Locate the line bearing "OMRON CQM1H-CPU61" in the material below, then reproduce it and each following line up to and including the line bearing "Revlon ColorSilk Hair".

(DATA SHOWN begins)

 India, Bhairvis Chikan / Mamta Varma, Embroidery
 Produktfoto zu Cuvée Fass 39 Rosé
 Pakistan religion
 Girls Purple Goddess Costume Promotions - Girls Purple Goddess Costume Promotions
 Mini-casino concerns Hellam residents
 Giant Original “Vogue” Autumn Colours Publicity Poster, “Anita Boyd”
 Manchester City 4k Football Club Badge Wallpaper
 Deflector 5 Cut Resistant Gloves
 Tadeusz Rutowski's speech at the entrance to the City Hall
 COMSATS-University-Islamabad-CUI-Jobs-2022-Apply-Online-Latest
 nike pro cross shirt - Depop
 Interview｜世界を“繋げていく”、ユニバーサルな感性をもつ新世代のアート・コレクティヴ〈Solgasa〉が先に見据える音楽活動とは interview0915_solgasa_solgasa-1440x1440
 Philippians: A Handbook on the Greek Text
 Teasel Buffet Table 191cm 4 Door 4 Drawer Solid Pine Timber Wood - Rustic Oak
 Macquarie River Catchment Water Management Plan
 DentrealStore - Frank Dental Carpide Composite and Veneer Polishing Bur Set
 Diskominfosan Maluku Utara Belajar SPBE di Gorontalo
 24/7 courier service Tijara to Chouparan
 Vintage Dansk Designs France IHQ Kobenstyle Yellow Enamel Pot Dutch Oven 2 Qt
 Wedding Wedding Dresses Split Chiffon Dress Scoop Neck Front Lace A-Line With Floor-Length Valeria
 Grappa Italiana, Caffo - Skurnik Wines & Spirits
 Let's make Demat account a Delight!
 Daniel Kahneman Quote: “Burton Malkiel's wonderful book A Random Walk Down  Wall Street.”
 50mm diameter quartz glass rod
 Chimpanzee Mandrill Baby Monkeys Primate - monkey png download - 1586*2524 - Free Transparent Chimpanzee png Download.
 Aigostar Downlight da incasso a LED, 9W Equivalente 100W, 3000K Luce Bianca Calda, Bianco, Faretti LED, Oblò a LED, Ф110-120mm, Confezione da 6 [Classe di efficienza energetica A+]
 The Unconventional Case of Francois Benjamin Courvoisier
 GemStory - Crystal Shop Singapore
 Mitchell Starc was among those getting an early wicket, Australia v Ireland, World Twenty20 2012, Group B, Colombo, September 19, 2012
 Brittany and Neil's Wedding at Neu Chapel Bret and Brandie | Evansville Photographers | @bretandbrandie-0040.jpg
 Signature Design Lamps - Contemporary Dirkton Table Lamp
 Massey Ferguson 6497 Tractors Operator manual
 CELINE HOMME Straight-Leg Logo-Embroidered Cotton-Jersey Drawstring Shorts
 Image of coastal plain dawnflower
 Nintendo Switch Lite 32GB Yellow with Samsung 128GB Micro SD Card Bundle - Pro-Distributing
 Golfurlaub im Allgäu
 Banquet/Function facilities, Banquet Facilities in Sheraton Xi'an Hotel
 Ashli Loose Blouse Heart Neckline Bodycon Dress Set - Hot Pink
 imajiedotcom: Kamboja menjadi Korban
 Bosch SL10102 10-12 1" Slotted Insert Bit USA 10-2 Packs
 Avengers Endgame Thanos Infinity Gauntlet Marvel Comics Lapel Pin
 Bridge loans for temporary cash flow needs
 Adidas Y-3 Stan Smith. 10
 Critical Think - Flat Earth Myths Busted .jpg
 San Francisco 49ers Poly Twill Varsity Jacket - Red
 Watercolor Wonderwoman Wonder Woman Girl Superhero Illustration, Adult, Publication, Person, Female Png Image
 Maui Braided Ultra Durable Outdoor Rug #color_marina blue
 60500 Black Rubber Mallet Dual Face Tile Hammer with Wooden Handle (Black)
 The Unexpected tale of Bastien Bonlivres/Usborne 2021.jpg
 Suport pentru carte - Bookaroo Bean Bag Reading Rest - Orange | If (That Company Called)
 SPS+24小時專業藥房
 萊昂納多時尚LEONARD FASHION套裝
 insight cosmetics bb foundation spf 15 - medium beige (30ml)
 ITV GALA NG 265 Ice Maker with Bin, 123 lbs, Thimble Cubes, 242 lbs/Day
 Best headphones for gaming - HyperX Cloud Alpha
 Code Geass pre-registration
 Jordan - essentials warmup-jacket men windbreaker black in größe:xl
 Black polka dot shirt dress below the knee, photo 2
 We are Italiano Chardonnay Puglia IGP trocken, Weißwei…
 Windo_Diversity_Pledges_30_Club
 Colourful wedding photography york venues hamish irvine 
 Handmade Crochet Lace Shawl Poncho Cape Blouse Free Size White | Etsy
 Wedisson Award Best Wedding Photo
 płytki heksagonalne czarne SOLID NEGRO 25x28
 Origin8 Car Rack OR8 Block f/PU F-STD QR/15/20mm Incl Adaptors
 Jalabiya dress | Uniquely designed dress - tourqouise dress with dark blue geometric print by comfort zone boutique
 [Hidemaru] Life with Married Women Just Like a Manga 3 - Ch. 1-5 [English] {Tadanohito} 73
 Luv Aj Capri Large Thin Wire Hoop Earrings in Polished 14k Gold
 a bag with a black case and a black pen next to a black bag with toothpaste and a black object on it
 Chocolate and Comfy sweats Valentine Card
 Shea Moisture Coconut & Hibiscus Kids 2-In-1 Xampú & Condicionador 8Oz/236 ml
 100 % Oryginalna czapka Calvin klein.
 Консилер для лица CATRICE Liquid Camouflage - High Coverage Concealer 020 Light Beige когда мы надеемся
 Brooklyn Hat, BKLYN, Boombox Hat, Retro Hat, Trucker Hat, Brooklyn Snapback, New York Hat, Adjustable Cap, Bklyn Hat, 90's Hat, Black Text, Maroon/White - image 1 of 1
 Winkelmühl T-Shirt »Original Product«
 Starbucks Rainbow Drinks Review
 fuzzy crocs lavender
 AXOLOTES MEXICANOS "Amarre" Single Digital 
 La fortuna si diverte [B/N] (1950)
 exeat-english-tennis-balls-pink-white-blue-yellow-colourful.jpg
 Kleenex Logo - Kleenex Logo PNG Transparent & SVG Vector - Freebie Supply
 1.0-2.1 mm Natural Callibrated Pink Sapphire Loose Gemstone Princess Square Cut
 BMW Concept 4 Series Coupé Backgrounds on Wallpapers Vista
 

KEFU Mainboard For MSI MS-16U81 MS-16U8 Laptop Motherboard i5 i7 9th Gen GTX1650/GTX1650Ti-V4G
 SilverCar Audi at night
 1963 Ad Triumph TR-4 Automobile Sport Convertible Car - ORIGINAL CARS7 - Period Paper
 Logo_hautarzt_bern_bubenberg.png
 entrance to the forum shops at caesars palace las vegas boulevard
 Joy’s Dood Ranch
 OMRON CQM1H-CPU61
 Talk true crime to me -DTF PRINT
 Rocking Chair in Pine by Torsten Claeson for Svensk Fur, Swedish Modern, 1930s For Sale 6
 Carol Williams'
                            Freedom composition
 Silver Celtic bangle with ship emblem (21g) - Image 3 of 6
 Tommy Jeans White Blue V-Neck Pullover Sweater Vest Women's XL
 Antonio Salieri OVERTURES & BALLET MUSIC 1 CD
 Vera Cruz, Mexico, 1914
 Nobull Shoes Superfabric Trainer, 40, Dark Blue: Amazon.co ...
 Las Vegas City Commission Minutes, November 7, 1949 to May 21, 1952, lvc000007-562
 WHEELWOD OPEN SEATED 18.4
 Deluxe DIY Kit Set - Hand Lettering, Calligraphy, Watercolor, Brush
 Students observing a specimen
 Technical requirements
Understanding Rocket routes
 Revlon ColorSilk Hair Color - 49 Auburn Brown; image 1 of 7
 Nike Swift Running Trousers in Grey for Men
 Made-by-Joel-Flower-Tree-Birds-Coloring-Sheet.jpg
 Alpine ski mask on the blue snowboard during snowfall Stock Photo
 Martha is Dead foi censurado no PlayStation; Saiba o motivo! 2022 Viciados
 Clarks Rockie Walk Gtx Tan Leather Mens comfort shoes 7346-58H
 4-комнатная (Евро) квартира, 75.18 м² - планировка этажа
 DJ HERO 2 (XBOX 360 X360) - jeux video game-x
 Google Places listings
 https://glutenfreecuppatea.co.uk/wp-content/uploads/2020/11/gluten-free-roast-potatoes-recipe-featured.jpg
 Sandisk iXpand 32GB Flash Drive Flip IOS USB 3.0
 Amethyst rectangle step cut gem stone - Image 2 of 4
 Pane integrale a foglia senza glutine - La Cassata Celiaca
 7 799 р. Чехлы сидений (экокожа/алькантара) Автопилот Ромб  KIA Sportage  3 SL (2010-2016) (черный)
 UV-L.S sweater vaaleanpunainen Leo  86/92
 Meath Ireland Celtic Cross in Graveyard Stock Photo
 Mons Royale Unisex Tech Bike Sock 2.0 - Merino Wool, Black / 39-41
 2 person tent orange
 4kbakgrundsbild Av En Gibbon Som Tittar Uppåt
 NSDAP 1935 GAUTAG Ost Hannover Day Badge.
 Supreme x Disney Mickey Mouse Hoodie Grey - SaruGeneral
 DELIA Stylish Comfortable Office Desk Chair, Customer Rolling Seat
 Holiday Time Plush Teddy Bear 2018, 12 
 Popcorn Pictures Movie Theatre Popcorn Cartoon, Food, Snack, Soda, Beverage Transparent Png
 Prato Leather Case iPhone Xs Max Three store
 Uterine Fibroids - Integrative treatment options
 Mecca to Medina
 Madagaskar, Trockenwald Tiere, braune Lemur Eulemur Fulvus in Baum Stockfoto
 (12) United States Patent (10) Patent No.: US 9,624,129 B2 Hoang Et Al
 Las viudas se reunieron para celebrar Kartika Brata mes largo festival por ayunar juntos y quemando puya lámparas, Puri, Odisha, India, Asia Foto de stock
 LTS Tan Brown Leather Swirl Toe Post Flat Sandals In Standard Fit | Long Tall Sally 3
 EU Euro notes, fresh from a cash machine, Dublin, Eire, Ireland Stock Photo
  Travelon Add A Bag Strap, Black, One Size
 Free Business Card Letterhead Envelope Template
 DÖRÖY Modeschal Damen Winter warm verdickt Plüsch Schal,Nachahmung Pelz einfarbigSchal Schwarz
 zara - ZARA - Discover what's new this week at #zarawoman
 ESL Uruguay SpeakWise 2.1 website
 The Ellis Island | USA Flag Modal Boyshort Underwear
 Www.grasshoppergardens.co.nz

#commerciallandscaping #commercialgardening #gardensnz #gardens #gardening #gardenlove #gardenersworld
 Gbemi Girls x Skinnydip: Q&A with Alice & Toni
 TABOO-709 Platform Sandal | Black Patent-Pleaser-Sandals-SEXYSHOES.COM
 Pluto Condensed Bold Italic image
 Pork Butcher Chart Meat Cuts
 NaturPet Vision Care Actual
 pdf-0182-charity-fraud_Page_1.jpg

(DATA SHOWN ends)

_RESPONSE AREA:_
 OMRON CQM1H-CPU61
 Talk true crime to me -DTF PRINT
 Rocking Chair in Pine by Torsten Claeson for Svensk Fur, Swedish Modern, 1930s For Sale 6
 Carol Williams'
                            Freedom composition
 Silver Celtic bangle with ship emblem (21g) - Image 3 of 6
 Tommy Jeans White Blue V-Neck Pullover Sweater Vest Women's XL
 Antonio Salieri OVERTURES & BALLET MUSIC 1 CD
 Vera Cruz, Mexico, 1914
 Nobull Shoes Superfabric Trainer, 40, Dark Blue: Amazon.co ...
 Las Vegas City Commission Minutes, November 7, 1949 to May 21, 1952, lvc000007-562
 WHEELWOD OPEN SEATED 18.4
 Deluxe DIY Kit Set - Hand Lettering, Calligraphy, Watercolor, Brush
 Students observing a specimen
 Technical requirements
Understanding Rocket routes
 Revlon ColorSilk Hair Color - 49 Auburn Brown; image 1 of 7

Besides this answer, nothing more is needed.